If you’re thinking about starting a business, this may be your first foray into the exciting world of entrepreneurship, and may undoubtedly have many questions regarding which type of business you should form and the steps required for each. Keep in mind that every type of business has its own advantages and disadvantages. And by ensuring that you file for the correct business type and are knowledgeable about how to keep the business running, you can prevent the risk of bankruptcy. However, if at some point in your business career you do encounter financial difficulty, bankruptcy can be a great resource.
A sole proprietorship is the simplest type of business you can form. Since you will be the only owner of the business, you and it, for all practical purposes, are one and the same. Consequently, all you need do is choose a business name and start finding customers. For security purposes, however, you may wish to obtain an Employment Identity Number (EIN) from the Internal Revenue Service. This way, you won’t have to use your Social Security number to identify your business when you send out invoices.
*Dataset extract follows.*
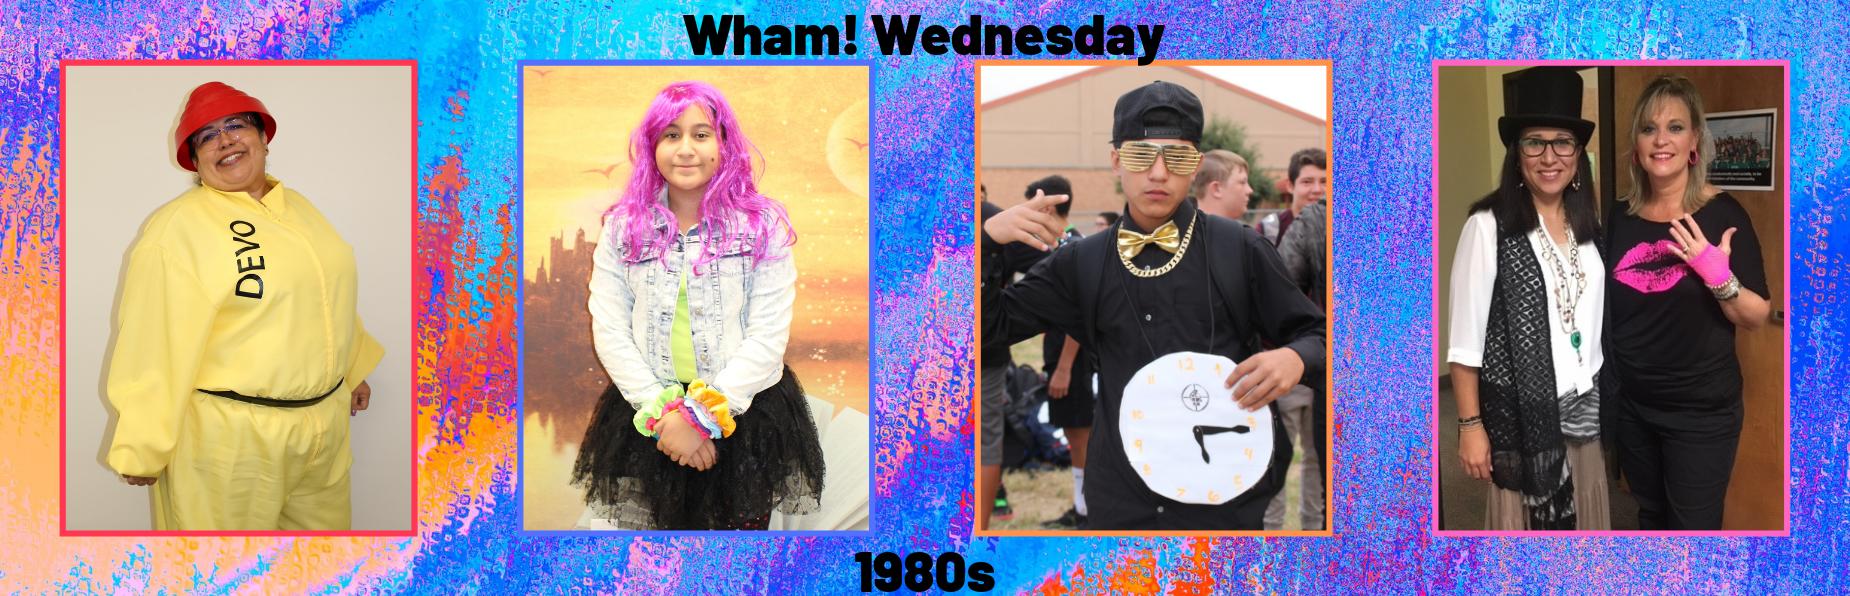 Wham! Wednesday

If you intend to go into business with someone else, you may wish to consider forming a partnership. If It is strongly advised that you draw up the partnership agreement and have all parties sign it so that the following can be set forth:
- What assets each partner brings to the partnership
- What percentage of the partnership each partner will own
- How the partnership’s profits and losses will be distributed between or among the partners
- How long the partnership will last
- What happens in the event of bankruptcy
- The type and amount of authority each partner will have
- How and by whom business decisions will be made
- How disputes will be resolved
- How a partner’s death or withdrawal will be handled
Establishing a corporation is more complicated than establishing a sole proprietorship or a partnership. First you will need to choose a corporate name that complies with your state’s corporate name requirements and conventions. Then you will need to decide which type of corporation you want to form. In general, your choices consist of the following:
- C corporation, i.e., “regular” corporation, that pays its own income taxes
- S corporation that passes through its profits, losses, deductions and credits to its shareholders
- LLC, i.e., Limited Liability Company, that’s a hybrid between a corporation and a partnership, offering many of the advantages of each
- Nonprofit corporation if you intend to use your business’s excess profits to benefit the organization rather than distributing them as additional dividends
You will then need to draft your articles of incorporation and bylaws to file with the business division of your secretary of state’s office. You’ll also need to purchase an official corporate seal. As a bankruptcy lawyer from The Law Offices of Ronald I. Chorches suggests, as you continue to build your business, always keep financial documents organized and in a safe place. So if you find yourself needing to access these for one reason or another, such as for tax purposes or filing for bankruptcy, they will be readily available.